I am running into an odd issue whenever my tasks call a compiled C++ executable (via subprocess). With the Nanny=True (default), each task gets pinned to 1 CPU core (not what I want), but as soon as I start workers with Nanny=False, it works as expected and spreads code across all cores. Ideally, I’d want Nanny=True for all its benefits in terms of worker restart.

Minimal Code:

def run():
    
    script = textwrap.dedent(
        f"""
        bash -l <<-'HEREDOC'
        conda activate my-kernel
        /code/compiledCppCodeHere
        HEREDOC
        """
    )
    process = subprocess.Popen(
        script, shell=True, stdout=subprocess.PIPE, stderr=subprocess.PIPE
    )
    stdout, stderr = process.communicate()    
    return stdout

f = [client.submit(run, pure=False) for i in range(0, 2)]
client.gather(f)

CPU profile with Nanny=True (What I dont expect)

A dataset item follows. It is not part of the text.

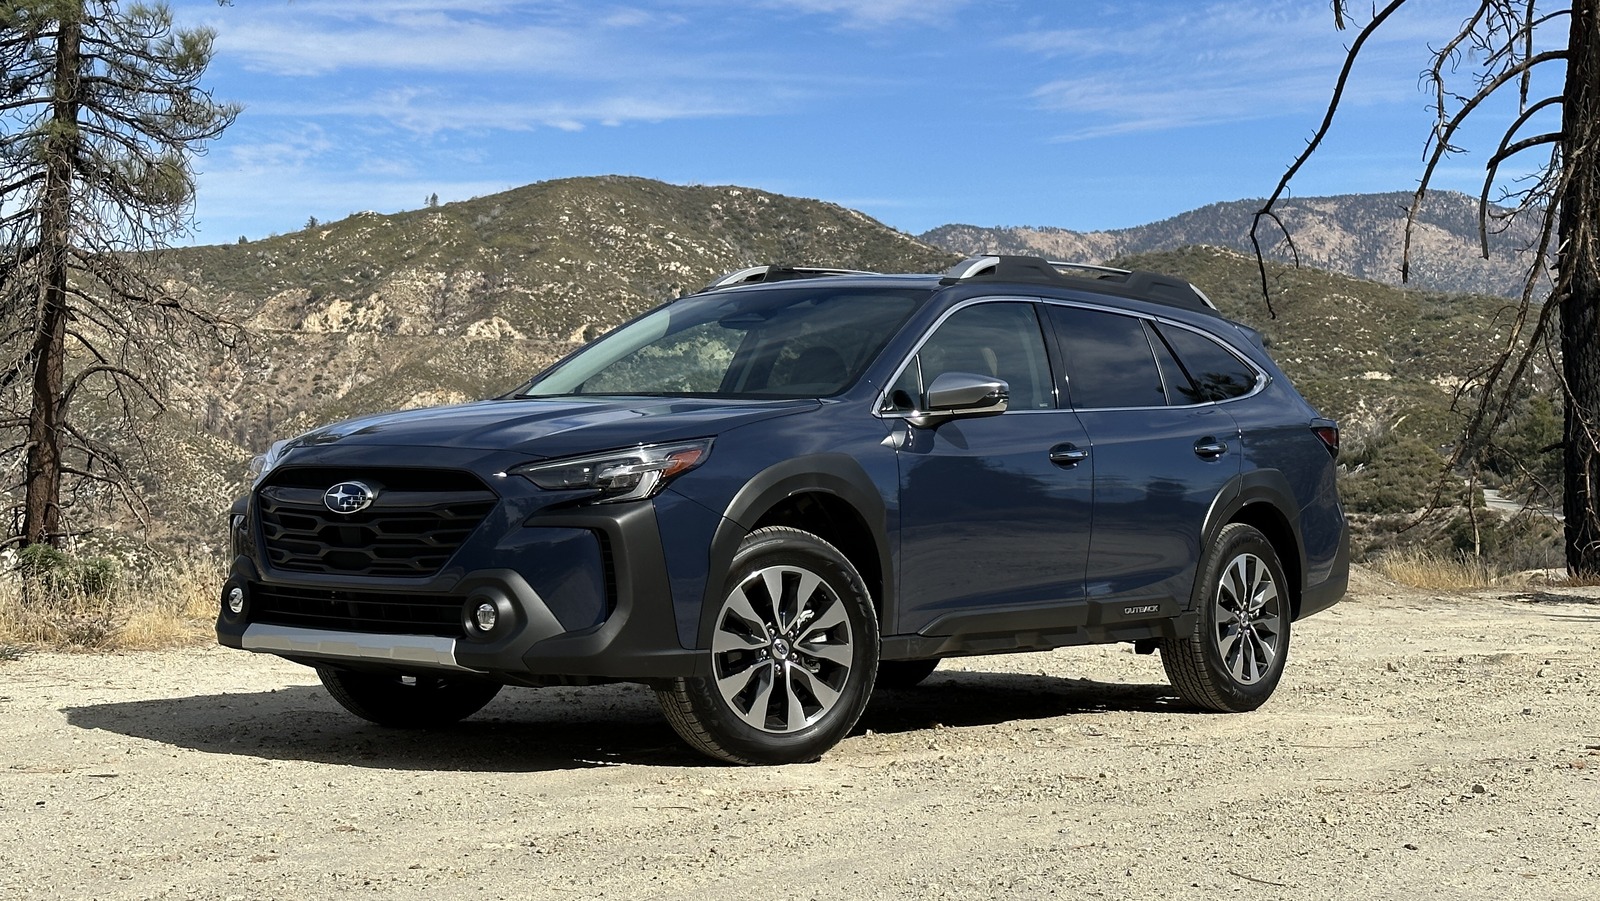 2023 Subaru Outback Review: Rugged All-Rounder Keeps On Keepin' On

CPU Profile with Nanny=False (what I expect)

Digging a bit deeper, I see that Nanny spawns itself via multiprocessing module. Not sure if this is the issue?

image

So a few questions:

  1. How can I keep Nanny=True and allow subprocess to run as expected?
  2. If not, is there an alternative method (different than multiprocessing) that I can configure the Nanny workers? Not sure if that is the problem to be honest.

Any pointers or background as to this would be much appreciated! Thanks!